# Beretta M9A3 100 round review



## Shipwreck (Jan 26, 2006)




----------



## Goldwing (Nov 5, 2014)

I have watched that video previously. Talented shooter with a quality gun!

GW


----------



## Shipwreck (Jan 26, 2006)

Yes.

I previously owned a second M9A3, but I still have my 1st one. It was from the 1 batch they made at the MD factory before they moved to TN and had all the recent issues. I love that gun - my favorite Beretta.

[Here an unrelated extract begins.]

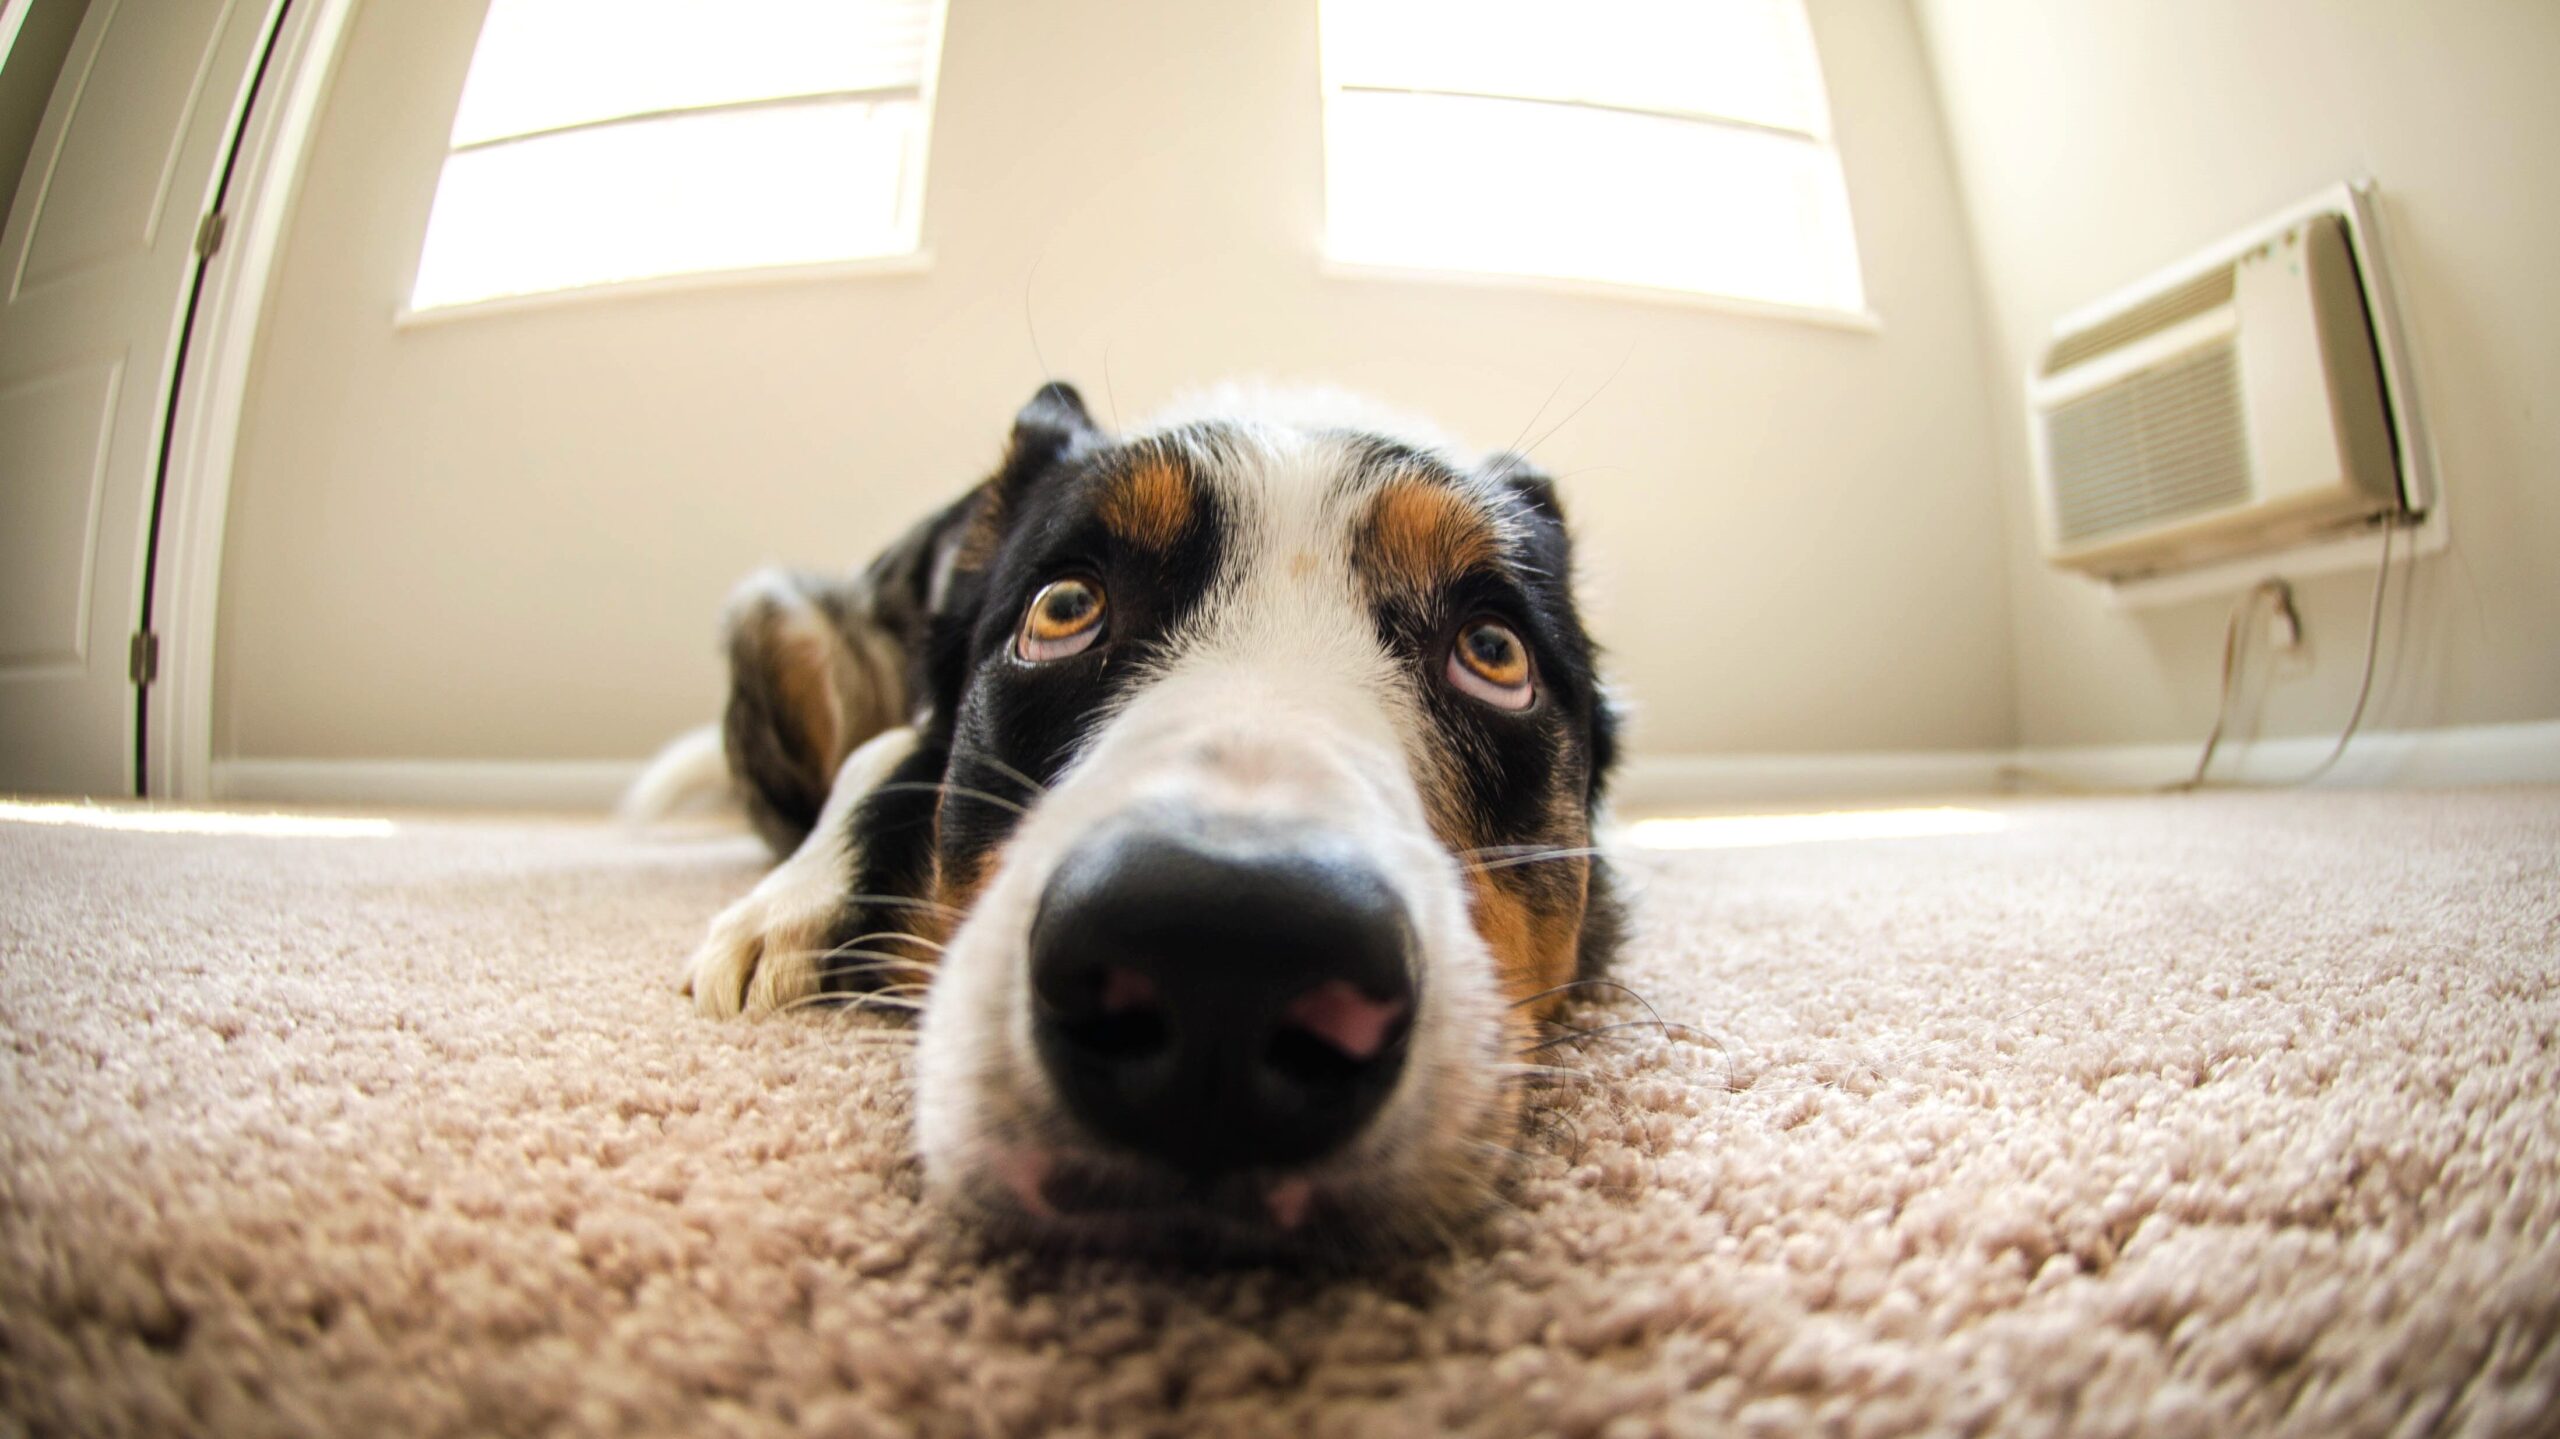 Guilty looking dog looks up from his place on the carpet.  He must realize he's the main reason his family has to pay to have their carpet cleaned.

The gun almost shoots itself


----------



## Goldwing (Nov 5, 2014)

Shipwreck said:


> Yes.
> 
> I previously owned a second M9A3, but I still have my 1st one. It was from the 1 batch they made at the MD factory before they moved to TN and had all the recent issues. I love that gun - my favorite Beretta.
> 
> The gun almost shoots itself


I might make room for one like that. I'm not too sure that there isn't some overlap with my other 9s, but I am sure that none of mine have the "Cool factor" that Berretta has.

GW


----------



## Shipwreck (Jan 26, 2006)




----------



## ferntree (Apr 20, 2020)

recent issues? Something I should be worried about before I collect mine?


----------



## Shipwreck (Jan 26, 2006)

ferntree said:


> recent issues? Something I should be worried about before I collect mine?

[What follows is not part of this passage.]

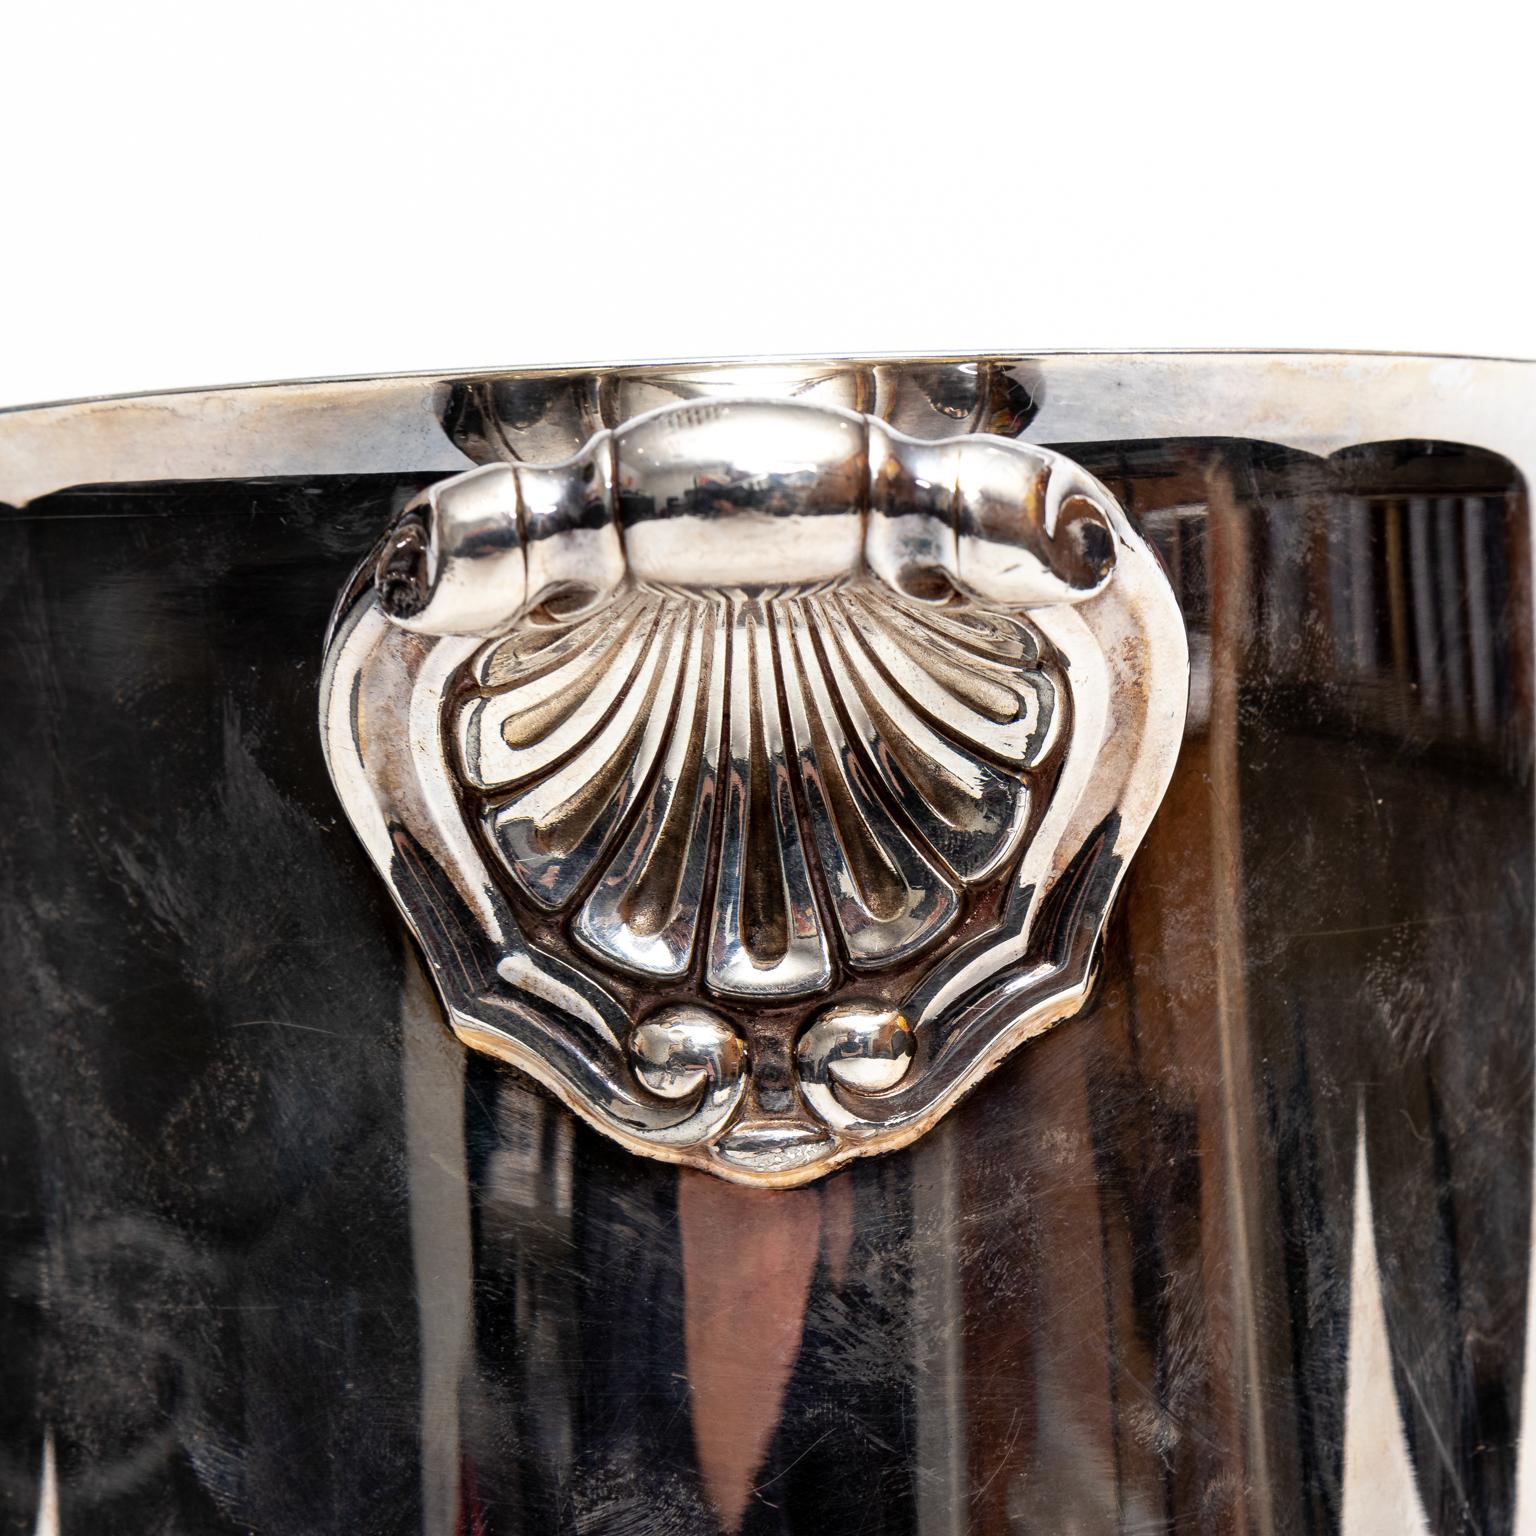 A vintage Christofle silver plate wine cooler/ice bucket. Beautiful lines on a footed base. Pattern is entitled “Ormesson” part of the Gallia collection. Made in France in the 1950s. Please note of wear consistent with age.

The TN plant has had some problems - apparently they hired all new staff, and there has been a learning curve and humidity issues they had to adjust to. There was a Beretta rep who used to participate on another forum, and he told us a little about what was going on.

To my knowledge, all the M9A3s are made in Italy now. Apparently the TN plant had quality control issues for a little while. So, if you get one now, it will be made in Italy, and you should not have a problem.


----------



## ferntree (Apr 20, 2020)

Thanks - will check when I can pick it up!


----------



## ferntree (Apr 20, 2020)

Dealer just confirmed, that like fine women and great pasta, their stock is confirmed as Italian.
Thanks for the help. Much appreciated. 
Just ordered Wilson Combat grips and fluted steel guide rod, because, why not?


----------